Housing Wealth Effect
The housing wealth effect describes the tendency of households to feel richer when the value of their homes increases, and for them to spend part of that increased wealth on consumer goods and services. The Federal Reserve maintains data on U.S. housing wealth in its Flow of Funds database. Net housing wealth (the value of residential housing minus mortgage debt) increased from $6,629 billion in 2000 to $10,915 billion in 2005Q3-an increase of $4,286 billion. Among a wide range of academic studies that measure the tendency of homeowners to consume part of their housing wealth, highly credible estimates range from 0.04 to 0.14, with a midpoint of about 0.07. This means that that if a house price increases by $100,000, the owner would be expected to increase his or her spending by $7,000 in the first year after the increase in value. Applying this estimate to the $4,286 billion change in housing wealth implies a contribution to consumption of $300 billion from 2000 to 2005Q3.

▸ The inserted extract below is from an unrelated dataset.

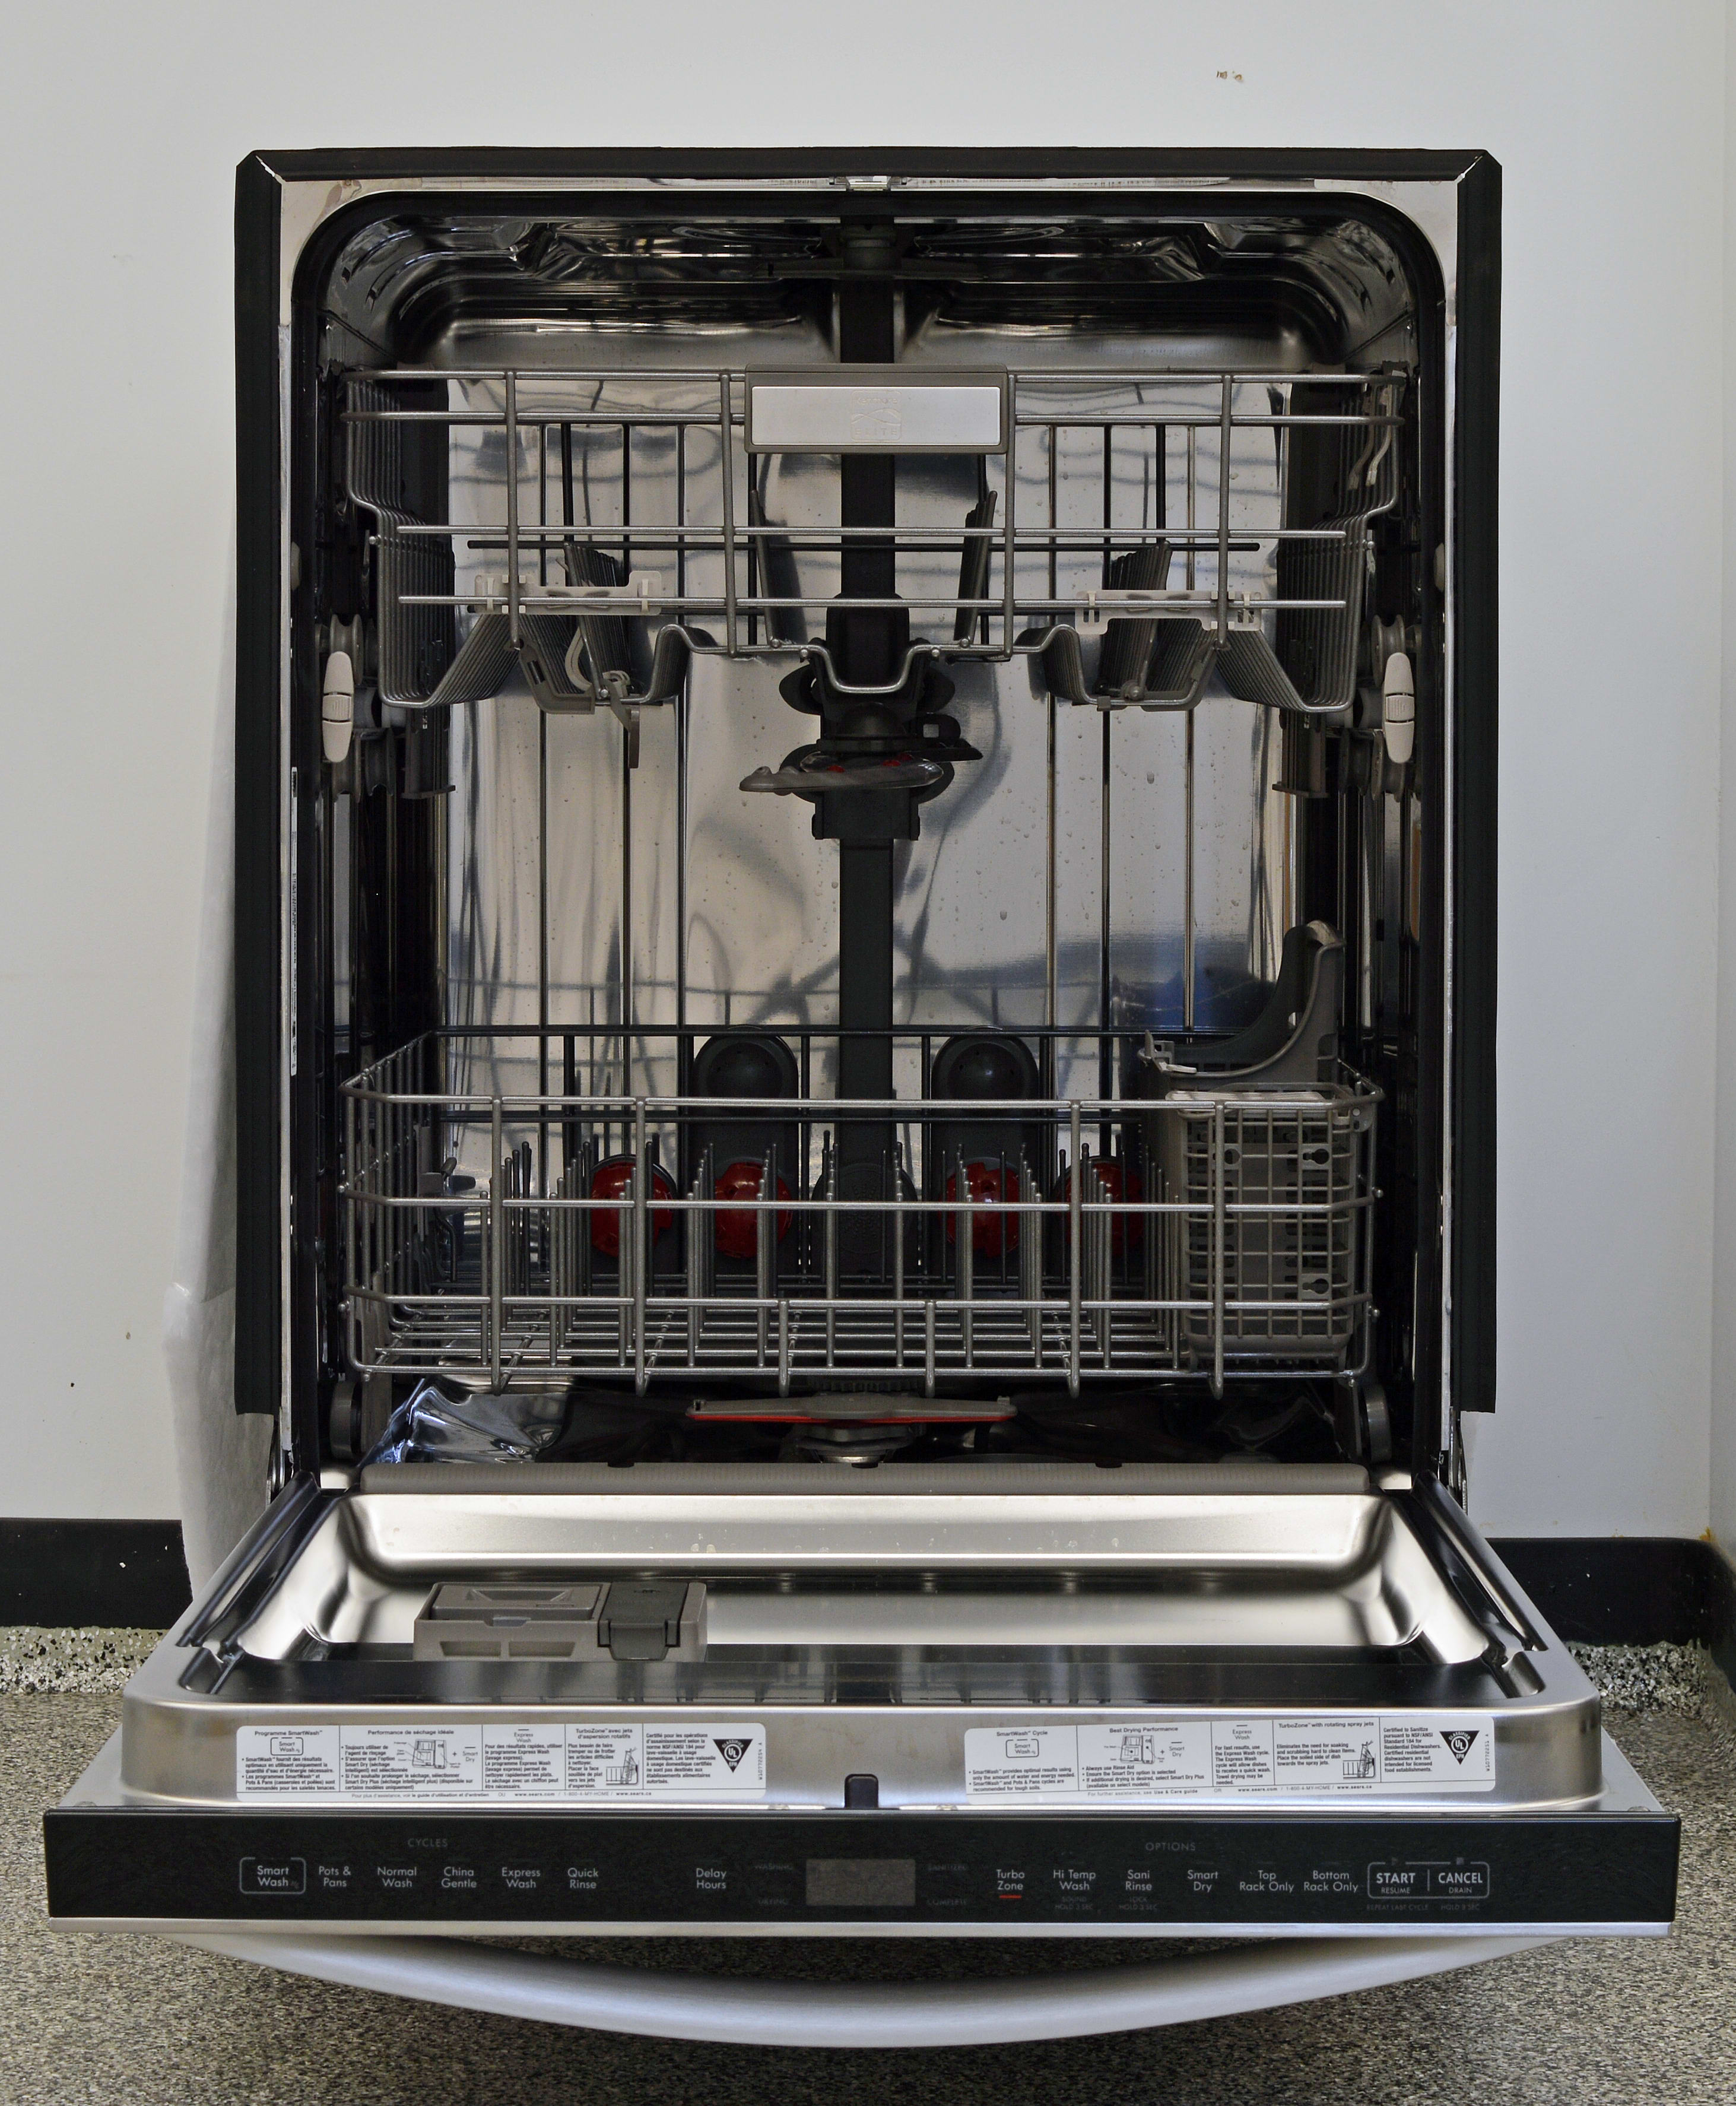 Kenmore Elite 14753 Dishwasher Review Reviewed Com

Mortgage Equity Withdrawal (MEW)
The combination of historically low interest rates, financial market innovation (the rapid growth of home equity loans, sharp declines in refinancing fees, the proliferation of new variable rate mortgage vehicles, etc.), and rapidly rising home prices has generated a surge in home refinancing in the 2002-05 period. Accompanying this surge has been a sharp increase in MEW and cash out refinancing. According to Federal Reserve data from 2001 through 2004, and extending the Fed's methodology through 2005, MEW going to consumption (which the Fed calls "cash outs resulting from refinancings") totaled about $1,219 billion from 2001 to 2005.
MEW provides a ready explanation for the widely noted decline of the U.S. household saving rate from 2.3% in 2000 to minus 0.5% in 2005. In order to consume at a faster pace than their incomes have increased, Americans have relied heavily on MEW during this period. The increases in MEW divided by personal income have moved basically in reverse lockstep with the declines in the household saving rate.
Together these three housing-related factors explain about $1,863 billion ($344 billion plus $300 billion plus $1,219 billion) of the total $2,949 billion increase in nominal U.S. GDP in the past four years, or 63% of this growth. That is, residential investment, which is directly responsible for just 6.2% of GDP, helped to generate nearly two thirds of all U.S. growth. This suggests that the U.S. economic expansion has not been as broad-based as generally thought. Instead, it has been heavily dependent on housing and MEW.
Directly and indirectly (through MEW), this sector, which accounts for just 6.2% of GDP, has been responsible for nearly two thirds of all U.S. growth. If the combination of rising interest rates and housing market exhaustion leads to the typical 51% reduction in housing starts, if the downturn lasts the typical 26 months, and if it takes the air out of the critical MEW process, the U.S. economy would seem at risk of heading for a soft patch or even an outright recession.